In thinking through the battery car decision, I (and you) need to consider the following factors:
1. The configuration of your layout and how you will use it. Mine is fairly compact. it is off my deck. It is freelance. My mode of operation is likely to to be "Let trains run." So the placement of the speaker is likely to be irrelevant as I am unlikely to spend any meaningful time within 10' of sunning trains.
2. The variety of engine types. In my case I have a number of engine/large tender combinations. But I also have a few that are engines with small integral tenders. One of my Bachmann 4-4-0s is stripped down awaiting conversion to NPC No 21, the first cab foreword loco. That tender had two round tanks, one for oil and the other for water. I also have three geared locos, a Shay, a Climax, and a Heiser.
3. The consists you will be running. In my case, most will be freight, some logging, and one passenger set pulled by a Bachmann Annie.
4. Your time available to deal with this. Do custom speaker installs on 16 locomotives? I want to enjoy my retirement years.

When you are talking 16 locomotives, even at $25 per speaker install, the numbers add up. So I'm going with speakers in the battery car. I need at least two battery cars, one for logging and the other for general steam. I'm not sure what I'm going to do with the Annie passenger consist.

Any thoughts?

Tom


----------



## Tom Farin (Apr 3, 2008)

*First Battery Car Load*

This load will serve my three geared logging locomotives,










As you can see this logging skid is long enough and wide enough to cover both my Airwire decoder and the Phoenix sound board. It is not tall enough. You may have seen this skid riding on a Bachman logging flat. There is also a crate on that load. 

The battery placement is approximately where it would ride on the logging flat. The speaker would be mounted vertically behind the battery.

Issues with this load are:
1. Height - not enough clearance for the circuit boards.
2. Open to the weather from above.
3. Crate (not shown) isn't big enough to accommodate the battery.

The steel frame that supports the boiler and winch is held to the wood skid frame by four screws. 

I plan to bash this load in the following ways:
1. Replace the plastic (wood) skid frame with a real wood skid frame that has a fully enclosed weatherproofed deck and provides sufficient clearance for the circuit boards.
2. Replace the crate (not shown) with a wood tool cabinet that covers the battery and the speaker.
3. Modify the length of the wood skid to make it all fit on a 20' flat.

Tom


----------



## placitassteam (Jan 2, 2008)

I only have one good ear so it doesn't make much difference to me where the sound comes from! I can't tell anyway.


----------



## Scottychaos (Jan 2, 2008)

Tom Farin said:


> S I'm not sure what I'm going to do with the Annie passenger consist.
> 
> Any thoughts?
> 
> Tom


Tom, I actually do have thoughts on that!  because I also have a passenger train that needs new power..

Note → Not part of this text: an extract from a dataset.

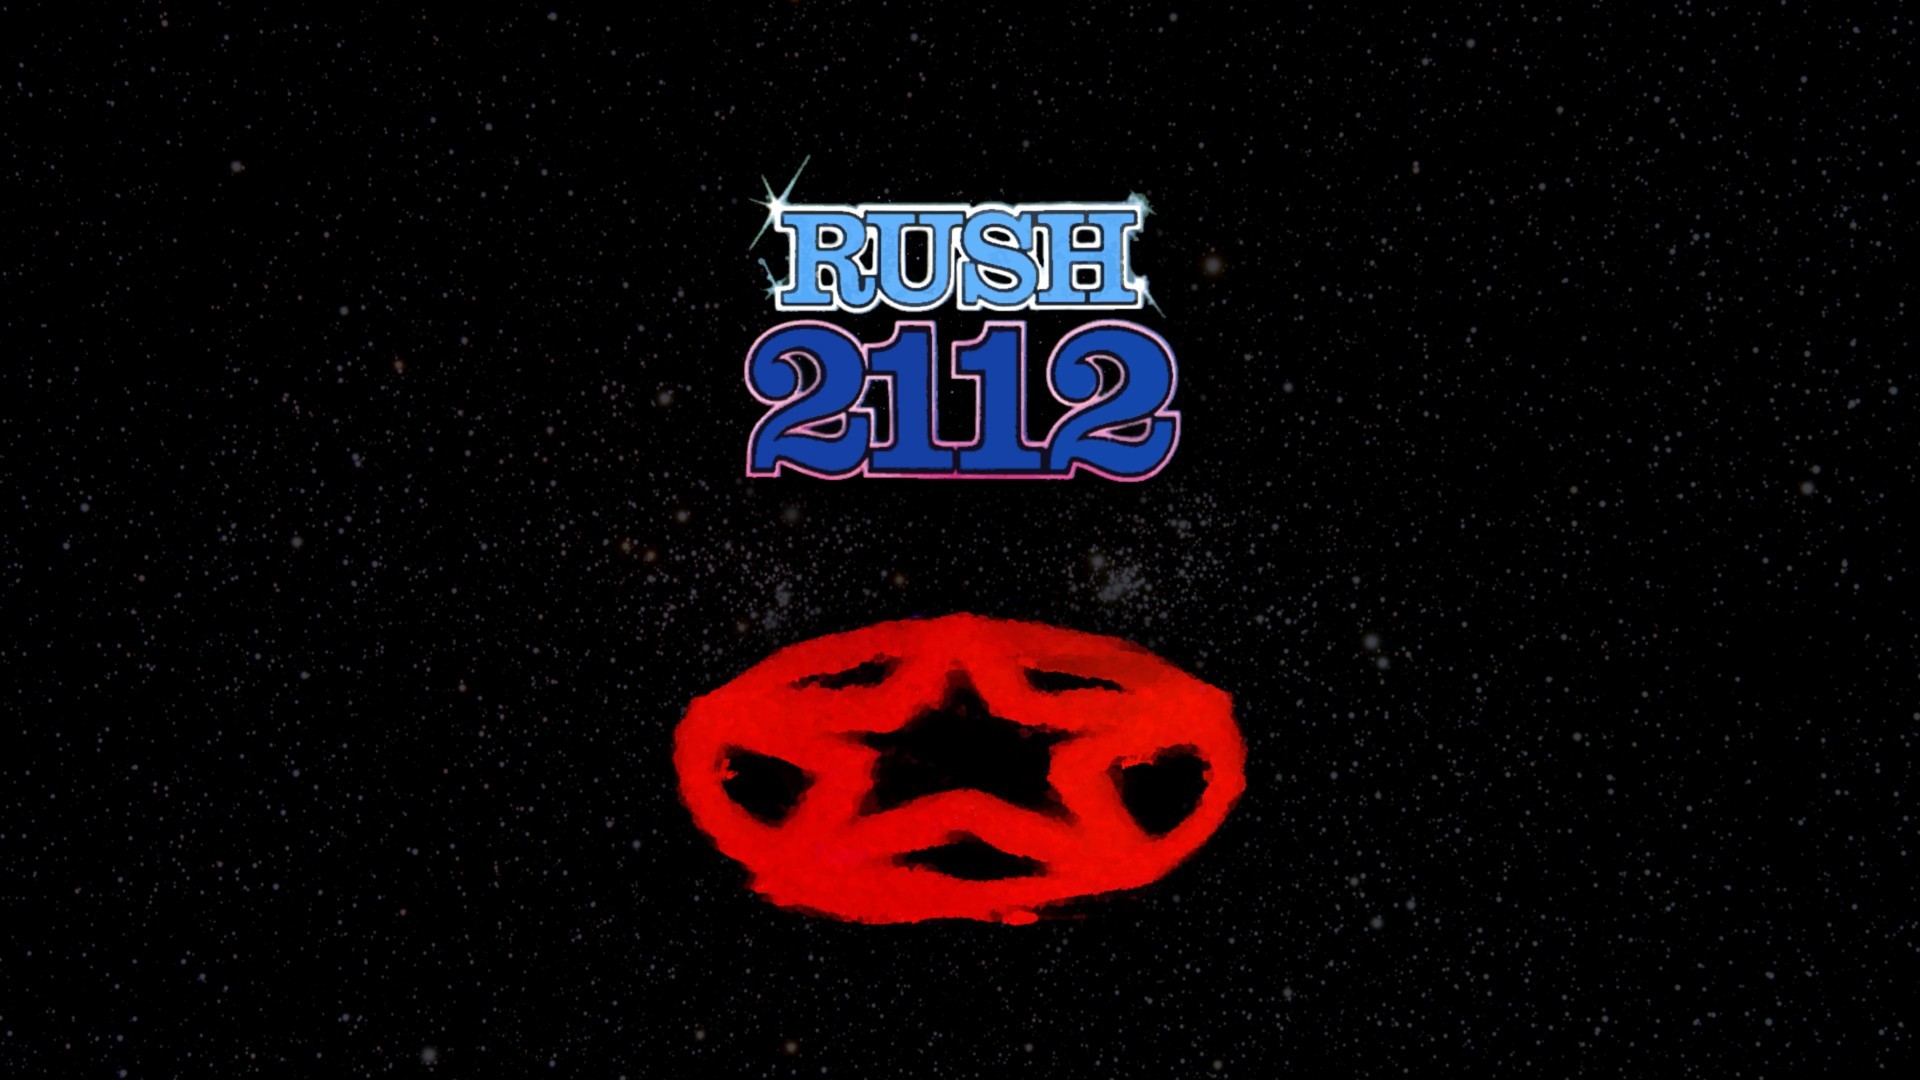 Music Bands Album Covers Rush Wallpaper - Rush 2112 - HD Wallpaper

My main battery car is going to be a USA trains reefer..because I have been collecting "local" billboard reefers lately:

https://sites.google.com/site/1991gggrs/projects/upstatenyrollingstock

Im not going to get all of those!  but I have found about seven of the USA trains reefers on that list, and they are going to make up most of my "steam train"..so im making the battery car a reefer to match the rest of the train.

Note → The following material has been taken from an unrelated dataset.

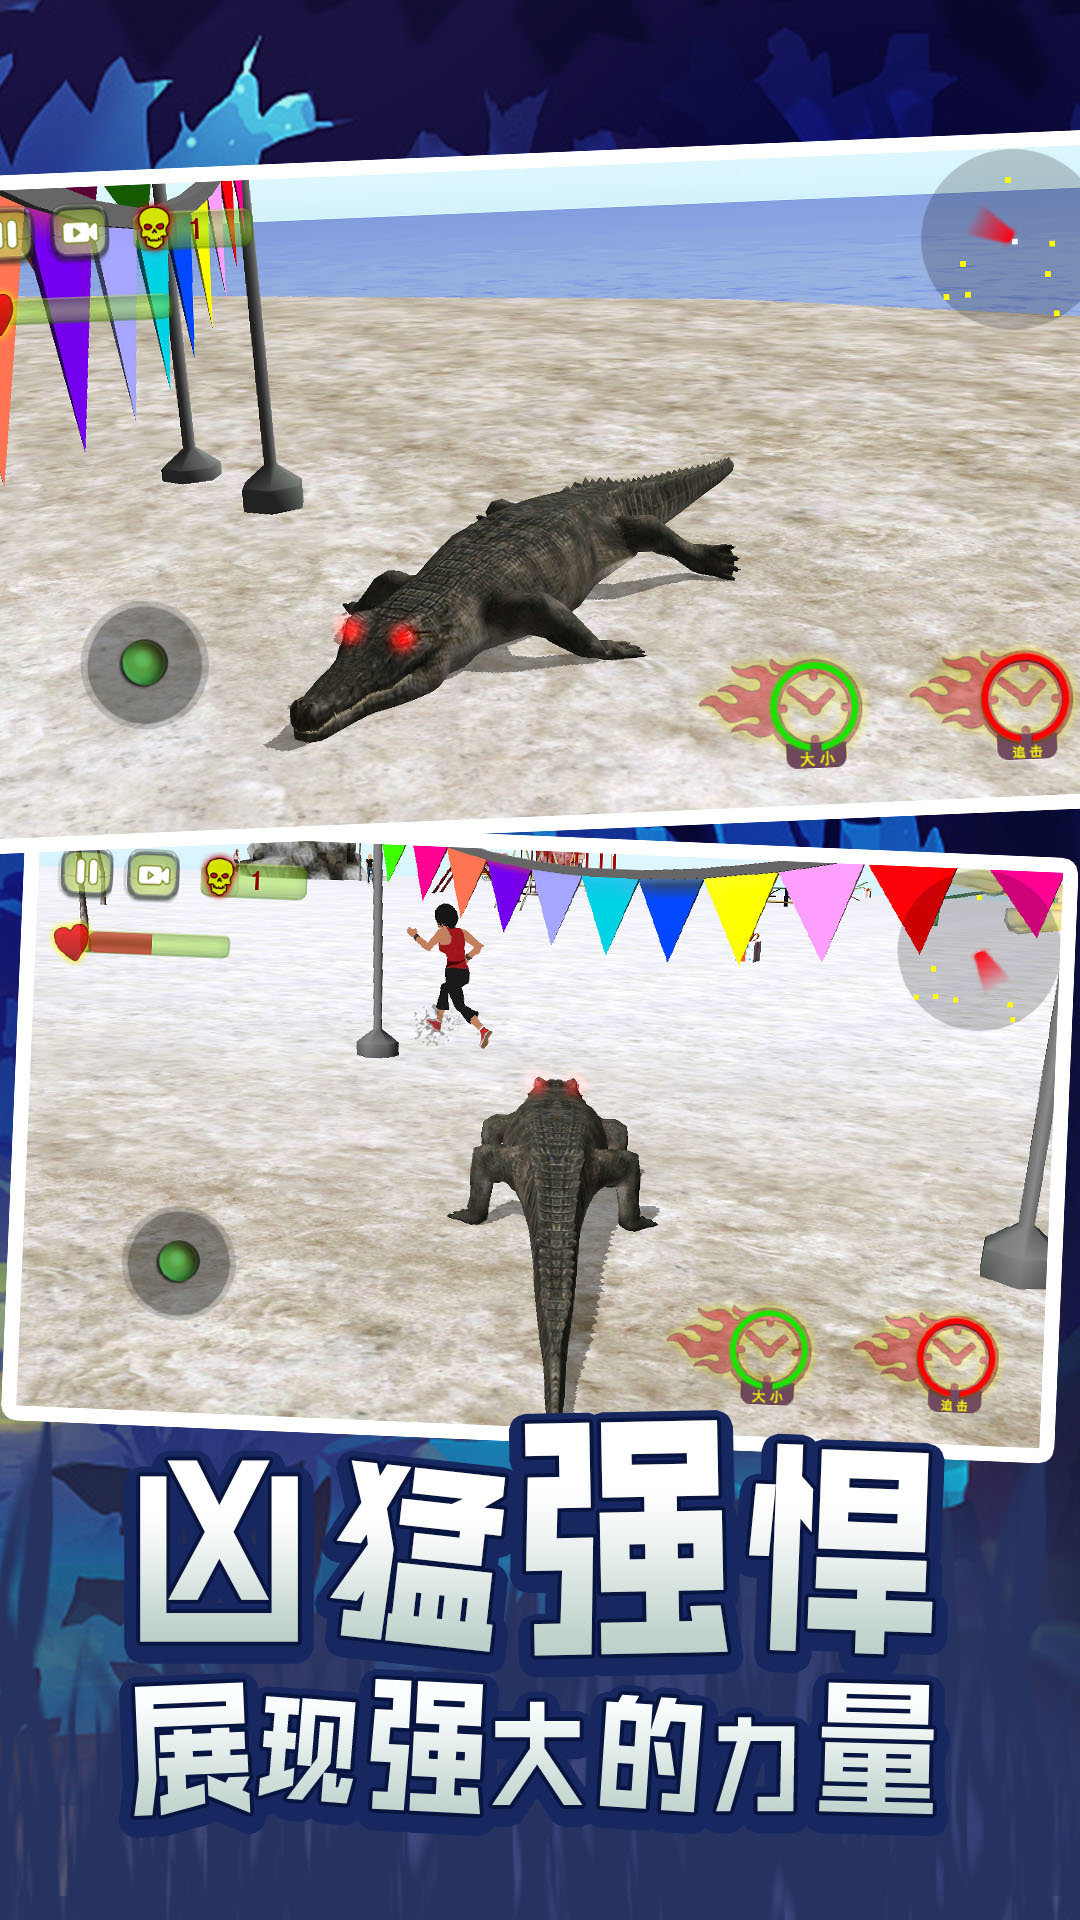 鳄鱼游戏在线_鳄鱼游戏手机游戏_鳄鱼游戏手游

But I do also have one "steam" passenger train:



















My Dad's "The Highlander"..it is already battery powered, the baggage car is the battery car. It uses an old Aristo Train Engineer, circa 2003, as the control system. It has never had sound. The train hasn't run in 8 years, and the battery car is now 14 years old..time for an upgrade! Since im already building this new power/sound car anyway, why not also make it work for the passenger train?

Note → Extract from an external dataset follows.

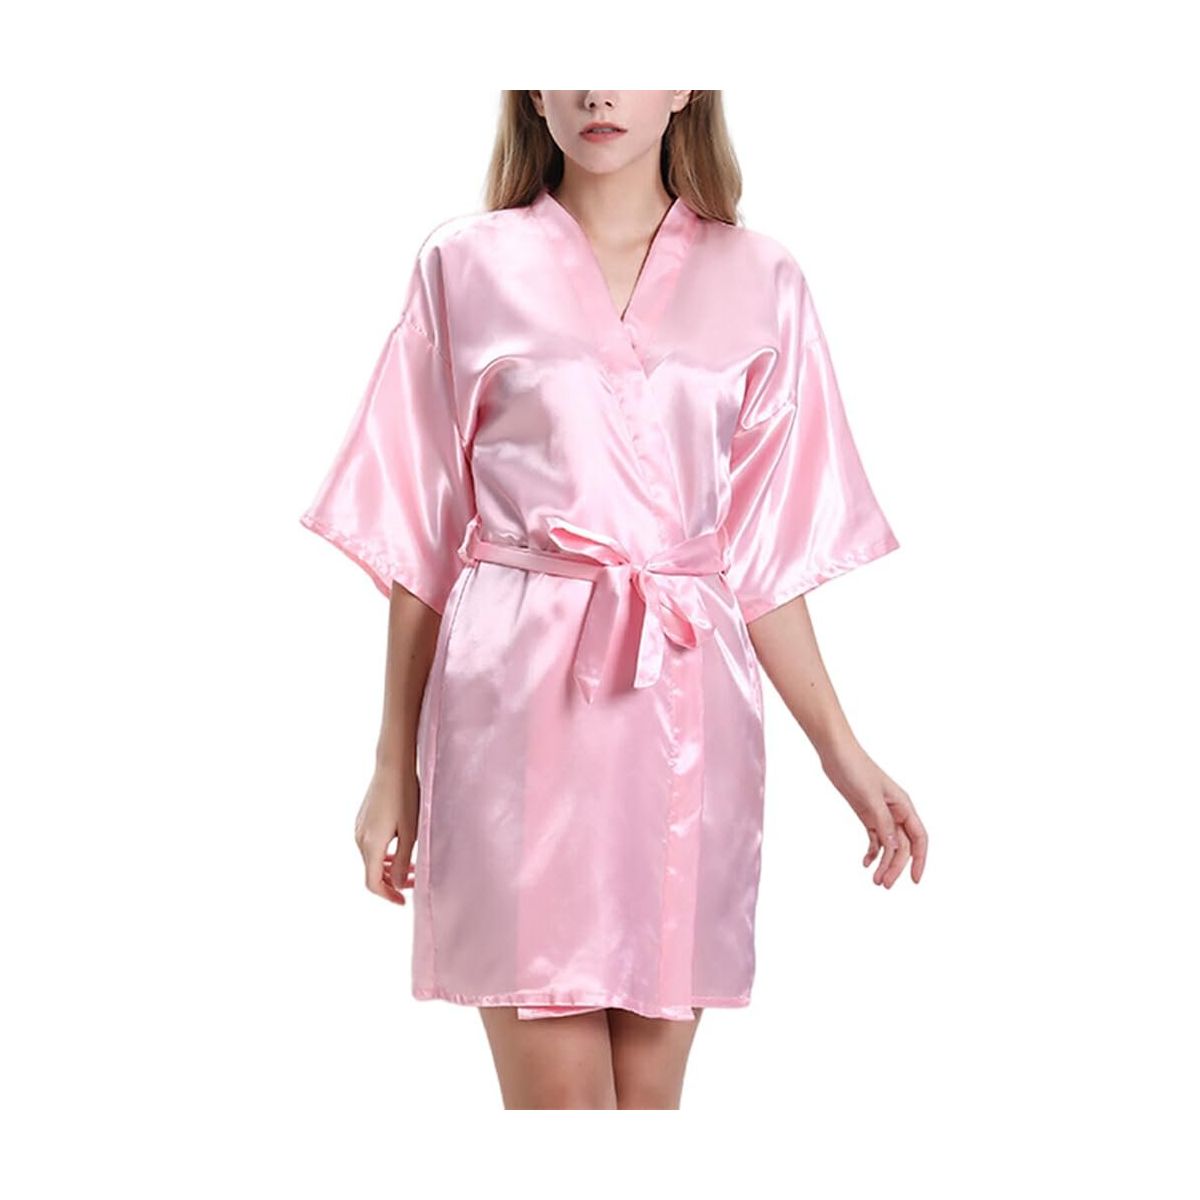 Dantel Nighties Gece Elbisesi Seksi Gecelik Saten Iç çamaşırı Pijama  Nightie V Yaka Gecelik Femme Sleepshirts Ipek Romantik satış < İç çamaşırı  >

The concept, very rough idea so far: In the reefer car, the "main" car, the speaker will be mounted to the floor, with its baffle. The rest of the system could be built on a removable wooden plank, that can be easily lifted out of the car by removing the roof. (the roof could be just a "press on" design, held by friction, no screws necessary) To lift out the whole system, just unplug the speaker, and lift out everything else on its plank..

Transfer the whole thing over to the baggage car, plug in the baggage car speaker..done!  One system, in a freight version and a passenger version..custom "plank holders" would be designed on the floor of the reefer and the baggage car to accept the wooden plank, but that part would be easy..that's my thinking so far..

Scot


----------



## Tom Farin (Apr 3, 2008)

Scot,

I like the looks of the Highlander .. and the fact it was your dad's makes it a compelling conversion. I'm assuming it is a Bachmann Big Hauler. Mine is a Bachmann Annie (Big Hauler) lettered for the White Pass and Yukon pulling a passenger consist. So other than lettering, the consists are nearly identical. I like your idea of swapping out the passenger battery car circuitry with the box car load. I was struggling with whether to sell the WP&Y train as I thought it would require a dedicated Airwire setup. But you are right about being able to pull a board assembly and move it from one consist to another. 

One of the things that bothers me about the battery car concept is having to pull a whole car and move it from one train to another. But you've shown me a different path. That approach might work with the logging skidder in my previous post.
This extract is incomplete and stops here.